List & Monetize Your Skill
Submit your Claude Code skill and start earning
Use Cases▌
Task Automation & Efficiency
Automate repetitive workflows and reduce manual effort
Example
Generate reports, summarize documents, draft communications
Save 3-5 hours per week on routine tasks
Knowledge Enhancement
Learn new skills, understand complex topics, get expert guidance
Example
Explain concepts, provide examples, suggest learning resources
Accelerate learning and skill development by 2x
Quality Improvement
Enhance output quality through reviews, suggestions, and refinements
Example
Review drafts, suggest improvements, catch errors
Improve work quality by 30-40% with less effort
Implementation Guide▌
Prerequisites
- ›Claude Desktop or compatible AI client with skill support
- ›Clear understanding of task or problem to solve
- ›Willingness to iterate and refine outputs
Time Estimate
15-45 minutes depending on use case complexity
Installation Steps
- 1.Install skill using provided installation command
- 2.Test with simple use case relevant to your work
- 3.Evaluate output quality and relevance
- 4.Iterate on prompts to improve results
- 5.Integrate into regular workflow if valuable
Common Pitfalls
- ⚠Expecting perfect results without iteration
- ⚠Not providing enough context in prompts
- ⚠Using skill for tasks outside its intended scope
- ⚠Accepting outputs without review and validation
Best Practices▌
✓ Do
- +Start with clear, specific prompts
- +Provide relevant context and constraints
- +Review and refine all outputs before using
- +Iterate to improve output quality
- +Document successful prompt patterns
✗ Don't
- −Don't use without understanding skill limitations
- −Don't skip validation of outputs
- −Don't share sensitive information in prompts
- −Don't expect skill to replace human judgment
💡 Pro Tips
- ★Be specific about desired format and style
- ★Ask for multiple options to choose from
- ★Request explanations to understand reasoning
- ★Combine AI efficiency with human expertise
When to Use This▌
✓ Use When
Use when skill capabilities match your task, clear ROI on time saved, and you can validate outputs. Best for repetitive tasks, learning, and quality improvement.
✗ Avoid When
Avoid when task requires deep expertise you can't validate, involves sensitive decisions, or when learning process is more valuable than speed of completion.
Learning Path▌
- 1Familiarize yourself with skill capabilities and limitations
- 2Start with low-risk, non-critical tasks
- 3Progress to more complex and valuable use cases
- 4Build expertise through regular use and experimentation
Discussion
Product Hunt–style comments (not star reviews)- No comments yet — start the thread.
Ratings
4.4★★★★★35 reviews- ★★★★★Pratham Ware· Dec 28, 2024
Keeps context tight: writing-documentation-with-diataxis is the kind of skill you can hand to a new teammate without a long onboarding doc.

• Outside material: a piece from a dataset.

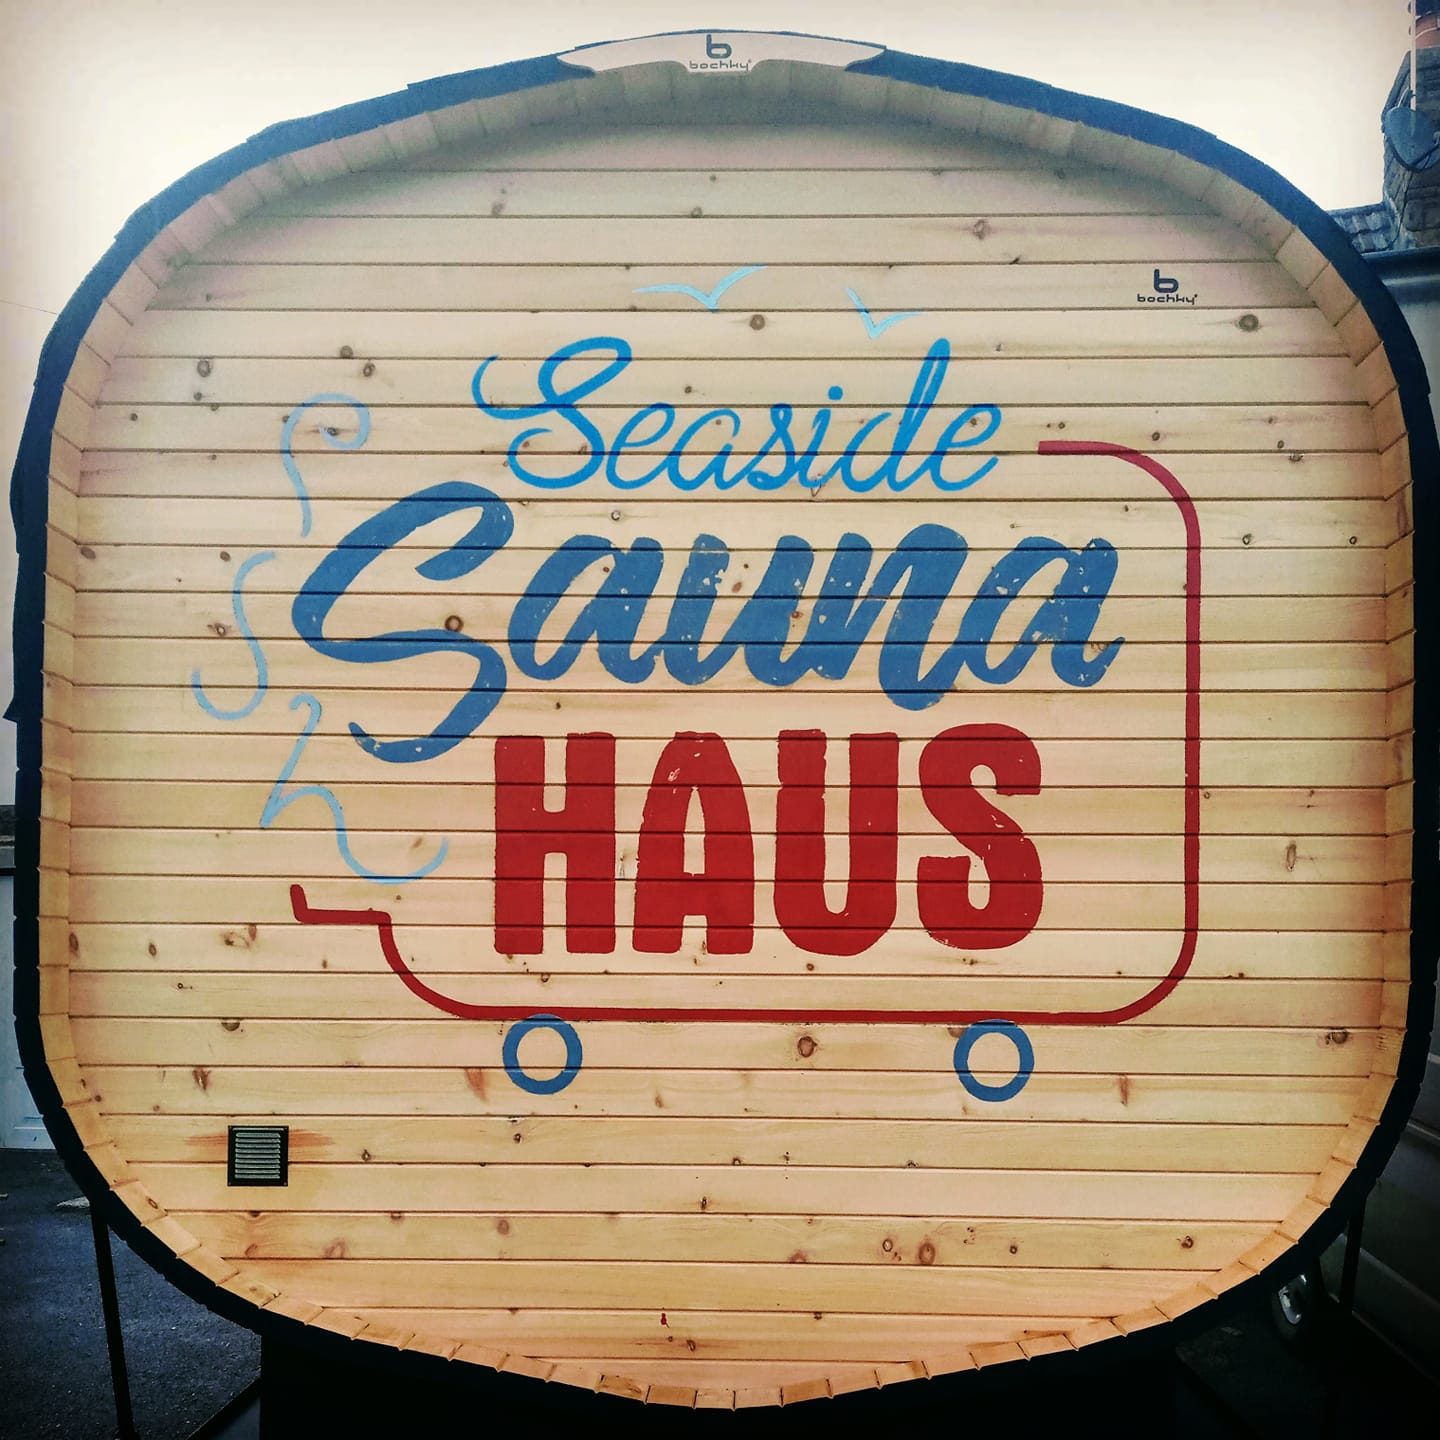 SeasideSaunaHaus seaside sauna haus logo uk 1 1

- ★★★★★Mia Li· Dec 16, 2024
I recommend writing-documentation-with-diataxis for anyone iterating fast on agent tooling; clear intent and a small, reviewable surface area.
- ★★★★★Mia Kim· Dec 16, 2024
Keeps context tight: writing-documentation-with-diataxis is the kind of skill you can hand to a new teammate without a long onboarding doc.

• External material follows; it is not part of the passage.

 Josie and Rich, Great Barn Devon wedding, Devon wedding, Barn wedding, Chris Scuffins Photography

- ★★★★★Yash Thakker· Nov 19, 2024
writing-documentation-with-diataxis has been reliable in day-to-day use. Documentation quality is above average for community skills.
- ★★★★★Hana Liu· Nov 19, 2024
writing-documentation-with-diataxis fits our agent workflows well — practical, well scoped, and easy to wire into existing repos.
- ★★★★★Carlos Bhatia· Nov 7, 2024
writing-documentation-with-diataxis has been reliable in day-to-day use. Documentation quality is above average for community skills.
- ★★★★★Mia Thomas· Oct 26, 2024
Solid pick for teams standardizing on skills: writing-documentation-with-diataxis is focused, and the summary matches what you get after install.
- ★★★★★Dhruvi Jain· Oct 10, 2024
Solid pick for teams standardizing on skills: writing-documentation-with-diataxis is focused, and the summary matches what you get after install.
- ★★★★★Noah Desai· Sep 17, 2024
We added writing-documentation-with-diataxis from the explainx registry; install was straightforward and the SKILL.md answered most questions upfront.
- ★★★★★Noah Verma· Sep 13, 2024
Keeps context tight: writing-documentation-with-diataxis is the kind of skill you can hand to a new teammate without a long onboarding doc.